Your assignment | Should a line below contain the word "Burn", report it.

Records supplied |

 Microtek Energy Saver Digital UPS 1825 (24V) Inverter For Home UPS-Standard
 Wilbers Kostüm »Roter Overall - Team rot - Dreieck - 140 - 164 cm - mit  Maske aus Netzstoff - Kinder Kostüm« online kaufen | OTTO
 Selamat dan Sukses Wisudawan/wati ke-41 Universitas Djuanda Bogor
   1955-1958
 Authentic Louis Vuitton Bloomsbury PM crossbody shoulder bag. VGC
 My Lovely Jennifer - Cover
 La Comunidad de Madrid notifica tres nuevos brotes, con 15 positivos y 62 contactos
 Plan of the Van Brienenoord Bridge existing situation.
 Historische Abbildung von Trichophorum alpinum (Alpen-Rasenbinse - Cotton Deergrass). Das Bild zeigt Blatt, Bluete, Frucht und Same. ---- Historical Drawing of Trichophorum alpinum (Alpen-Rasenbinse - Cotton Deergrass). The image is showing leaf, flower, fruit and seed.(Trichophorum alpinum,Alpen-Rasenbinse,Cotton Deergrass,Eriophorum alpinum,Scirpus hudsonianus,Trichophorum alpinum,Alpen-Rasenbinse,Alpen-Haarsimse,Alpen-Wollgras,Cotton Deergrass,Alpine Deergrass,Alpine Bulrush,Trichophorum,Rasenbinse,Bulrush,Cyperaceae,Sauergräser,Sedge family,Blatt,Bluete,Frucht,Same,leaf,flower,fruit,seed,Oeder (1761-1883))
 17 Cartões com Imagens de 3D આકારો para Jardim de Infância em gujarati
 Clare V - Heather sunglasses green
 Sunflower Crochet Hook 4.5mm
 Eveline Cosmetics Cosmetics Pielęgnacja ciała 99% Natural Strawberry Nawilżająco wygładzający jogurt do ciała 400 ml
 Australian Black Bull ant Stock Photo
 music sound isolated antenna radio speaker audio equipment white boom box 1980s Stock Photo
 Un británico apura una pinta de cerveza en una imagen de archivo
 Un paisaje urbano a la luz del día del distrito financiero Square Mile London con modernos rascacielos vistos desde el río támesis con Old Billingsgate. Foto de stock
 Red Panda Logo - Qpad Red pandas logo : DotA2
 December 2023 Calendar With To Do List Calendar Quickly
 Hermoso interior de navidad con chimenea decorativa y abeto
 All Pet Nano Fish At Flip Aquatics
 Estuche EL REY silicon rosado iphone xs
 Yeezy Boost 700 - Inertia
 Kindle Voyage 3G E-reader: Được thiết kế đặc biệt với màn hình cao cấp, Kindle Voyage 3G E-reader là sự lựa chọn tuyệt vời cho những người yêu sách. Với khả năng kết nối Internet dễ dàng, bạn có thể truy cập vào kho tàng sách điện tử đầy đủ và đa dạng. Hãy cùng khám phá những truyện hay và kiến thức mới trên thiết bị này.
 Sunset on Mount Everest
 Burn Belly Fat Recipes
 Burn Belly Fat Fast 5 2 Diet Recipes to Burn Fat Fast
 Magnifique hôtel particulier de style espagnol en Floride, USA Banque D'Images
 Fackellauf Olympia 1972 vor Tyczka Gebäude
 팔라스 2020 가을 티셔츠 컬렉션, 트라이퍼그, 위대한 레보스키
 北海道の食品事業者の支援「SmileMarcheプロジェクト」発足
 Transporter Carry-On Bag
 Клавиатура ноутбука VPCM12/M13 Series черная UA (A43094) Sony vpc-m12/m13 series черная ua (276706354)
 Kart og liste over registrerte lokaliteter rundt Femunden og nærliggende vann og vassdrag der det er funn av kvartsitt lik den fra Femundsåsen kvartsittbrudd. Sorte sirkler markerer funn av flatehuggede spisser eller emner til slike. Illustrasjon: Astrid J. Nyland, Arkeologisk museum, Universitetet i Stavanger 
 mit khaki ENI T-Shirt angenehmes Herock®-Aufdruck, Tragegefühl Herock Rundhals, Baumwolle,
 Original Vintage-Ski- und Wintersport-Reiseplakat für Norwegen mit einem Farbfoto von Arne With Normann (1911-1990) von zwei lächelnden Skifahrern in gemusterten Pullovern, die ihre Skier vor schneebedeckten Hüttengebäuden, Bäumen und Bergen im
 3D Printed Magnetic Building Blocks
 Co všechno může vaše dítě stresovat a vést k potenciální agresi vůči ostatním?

Task output |
 Burn Belly Fat Recipes
 Burn Belly Fat Fast 5 2 Diet Recipes to Burn Fat Fast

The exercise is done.